=== Information given ===
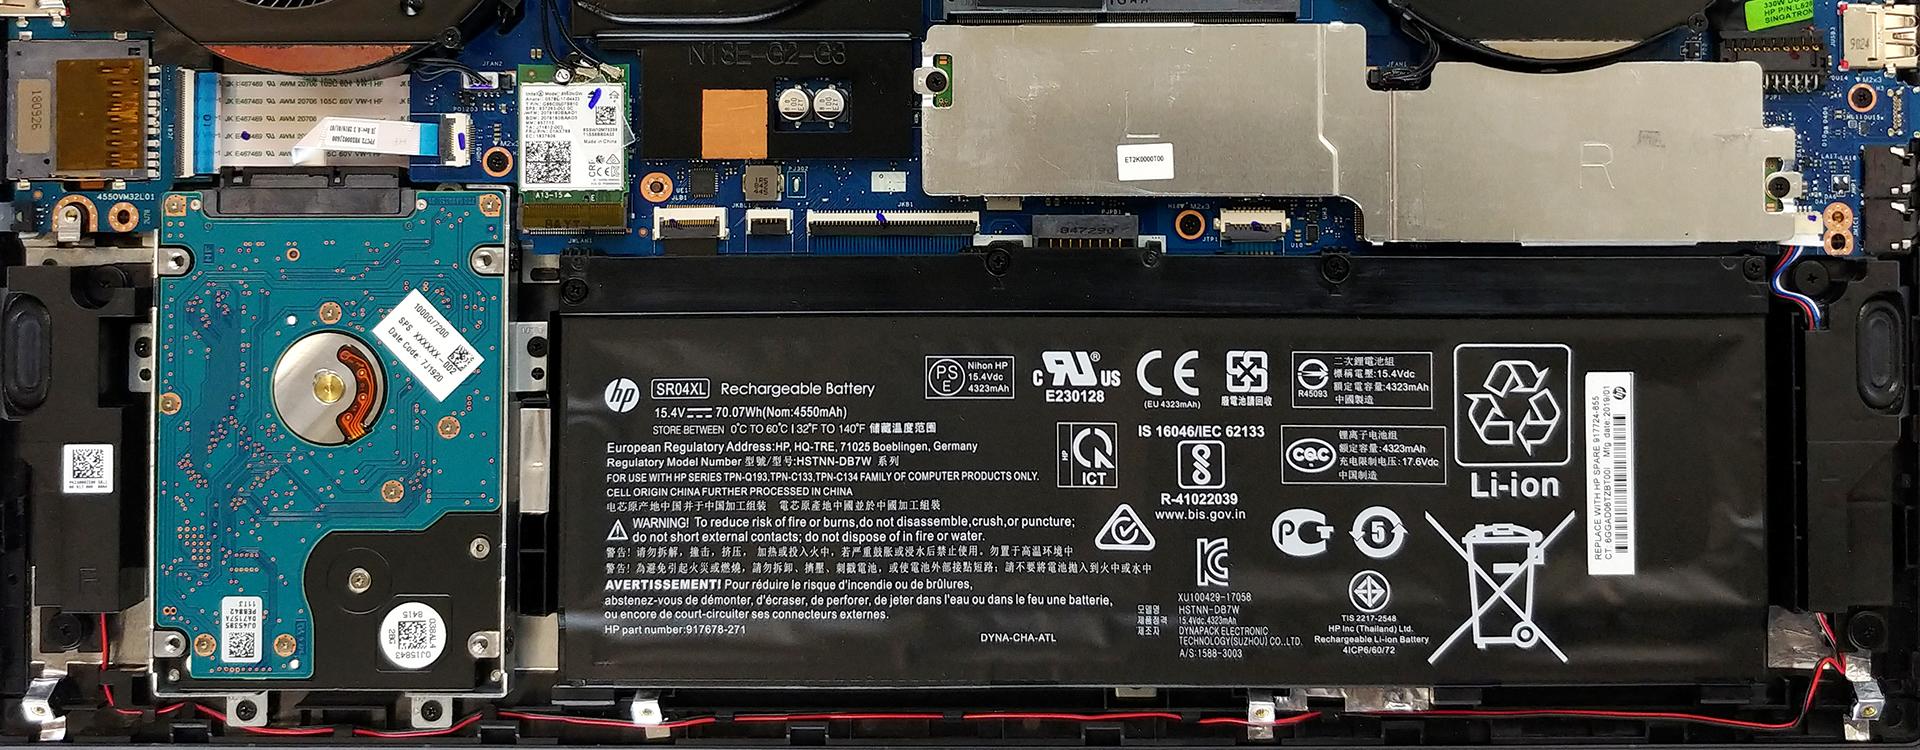 HP Omen 17 (2019) review – proper look at the 9th Gen Intel
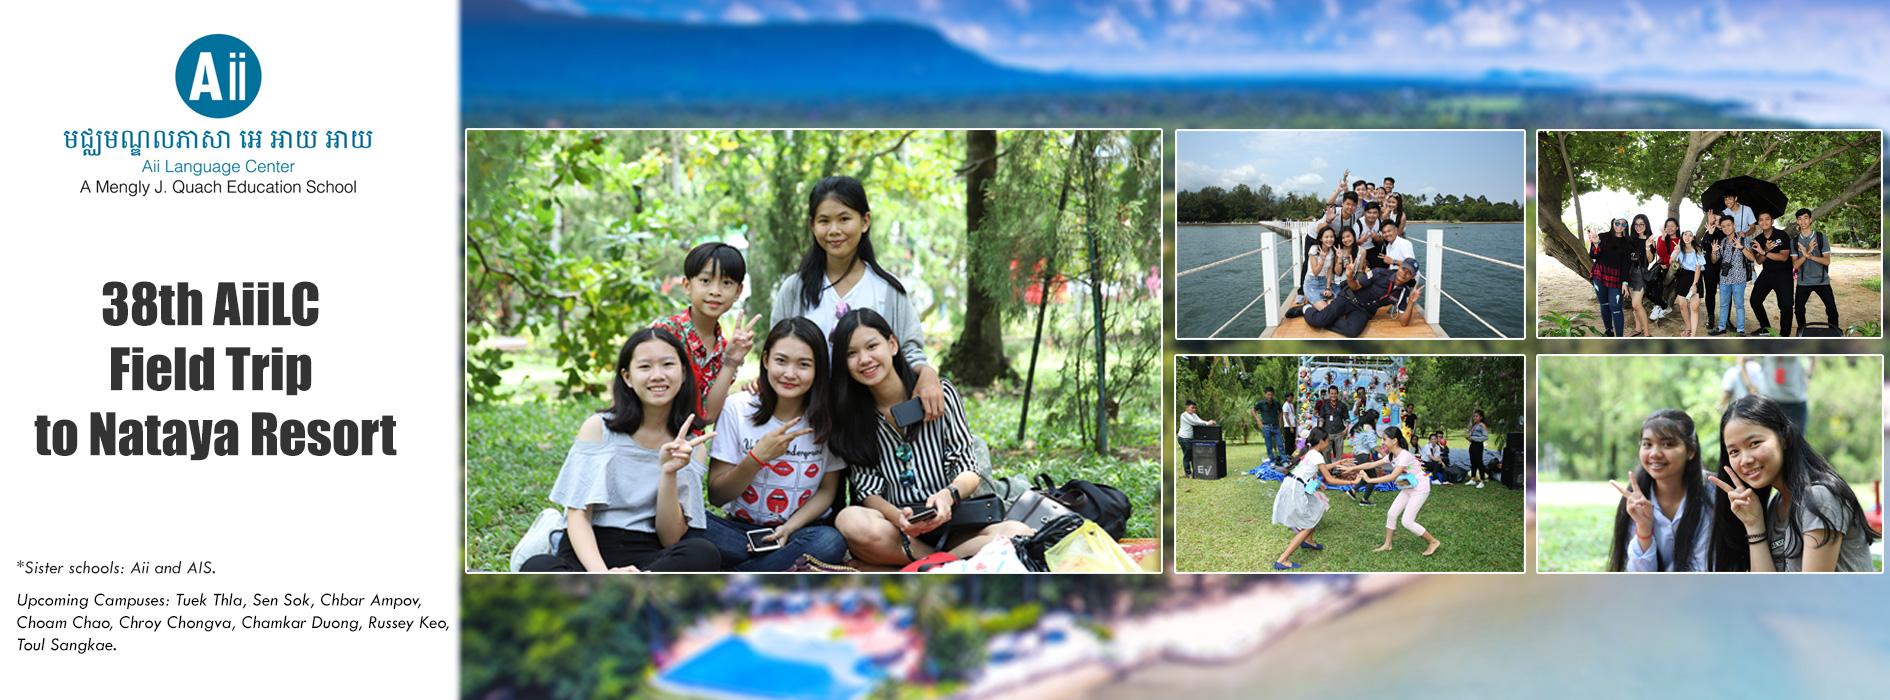 aiilc-field-trip-to-nataya
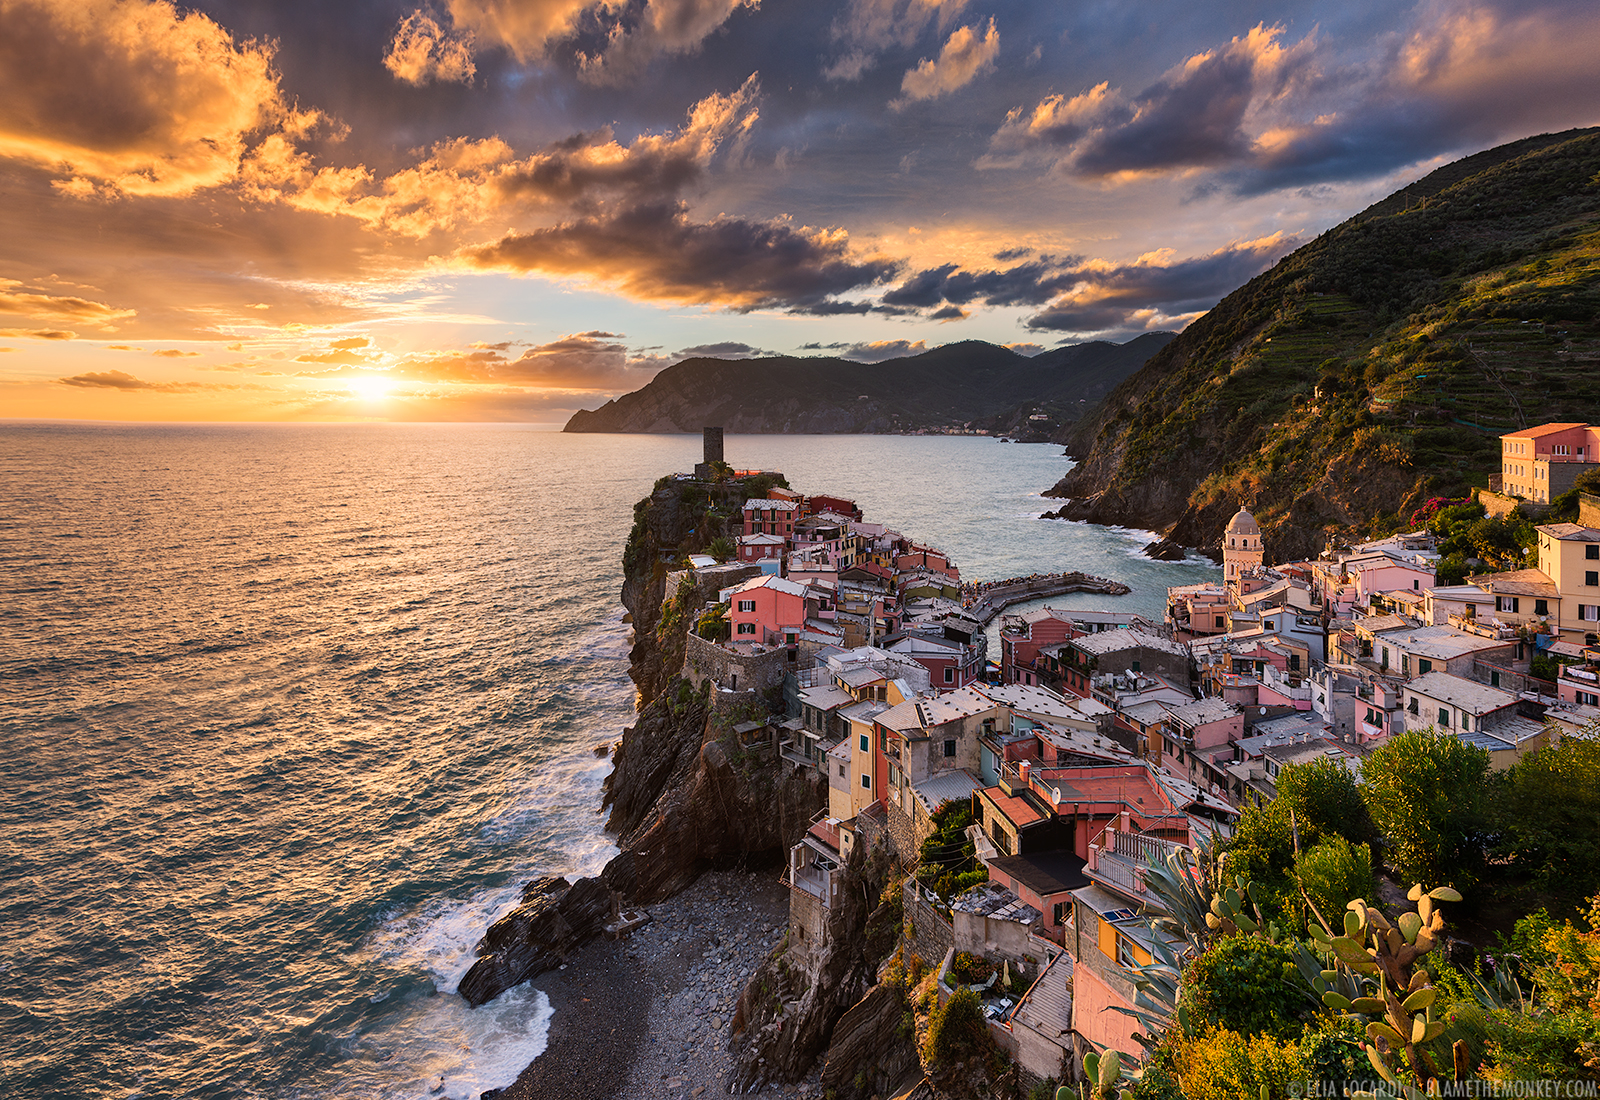 Elia-Locardi-Travel-Photography-Song-Of-The-Sea-Vernazza-Cinque-Terre-Italy-1600-WM.jpg
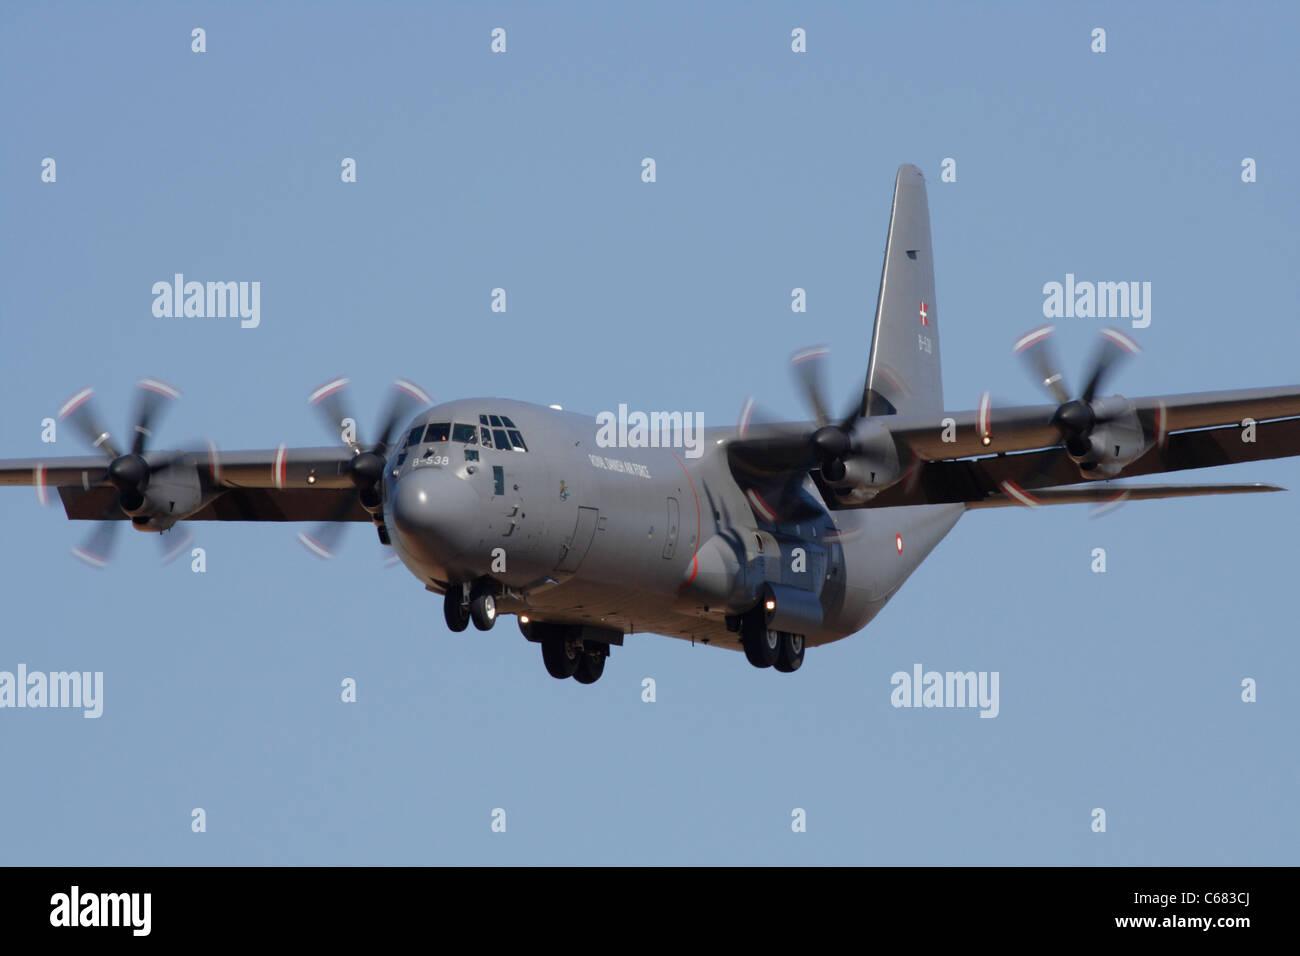 Royal Danish Air Force Lockheed Martin C-130J Hercules four-engine turboprop military transport plane. Close up - Stock Image
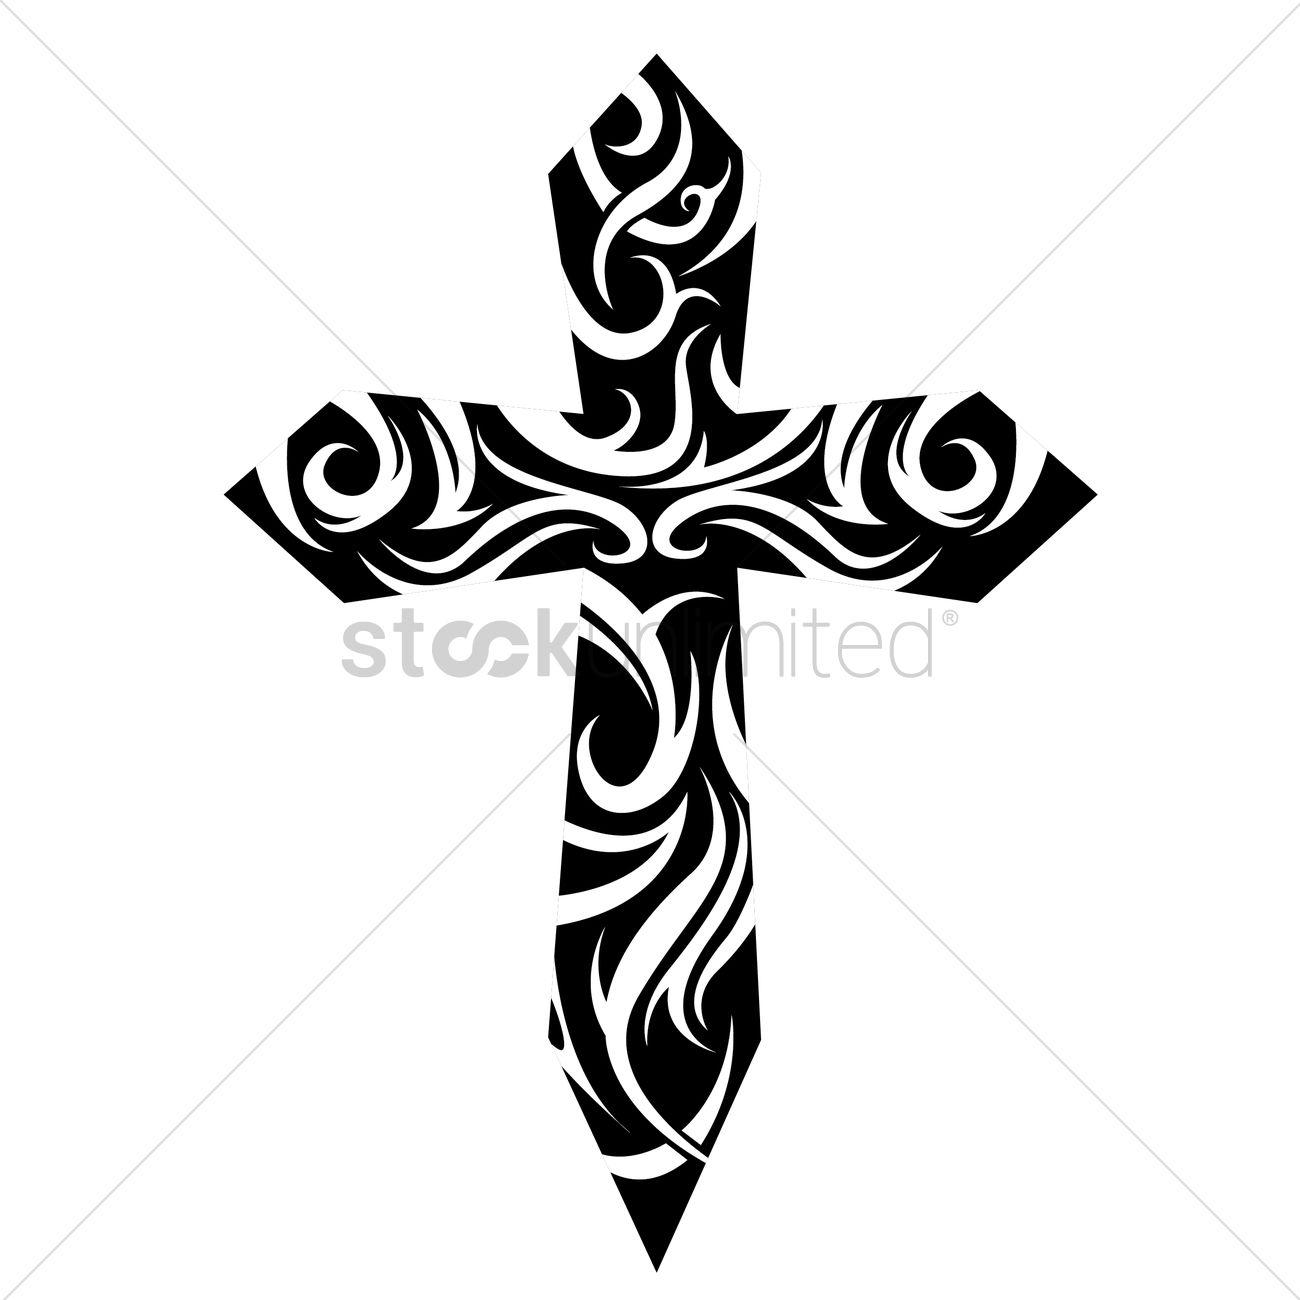 tribal cross tattoo vector image 1524206 stockunlimited. Black Bedroom Furniture Sets. Home Design Ideas
===
▶ **Your objective**: Everything from the line containing "Royal Danish Air" to the last line of the listing above must be reproduced exactly, with no pictures included.

▶ **Task result**:
 Royal Danish Air Force Lockheed Martin C-130J Hercules four-engine turboprop military transport plane. Close up - Stock Image
 tribal cross tattoo vector image 1524206 stockunlimited. Black Bedroom Furniture Sets. Home Design Ideas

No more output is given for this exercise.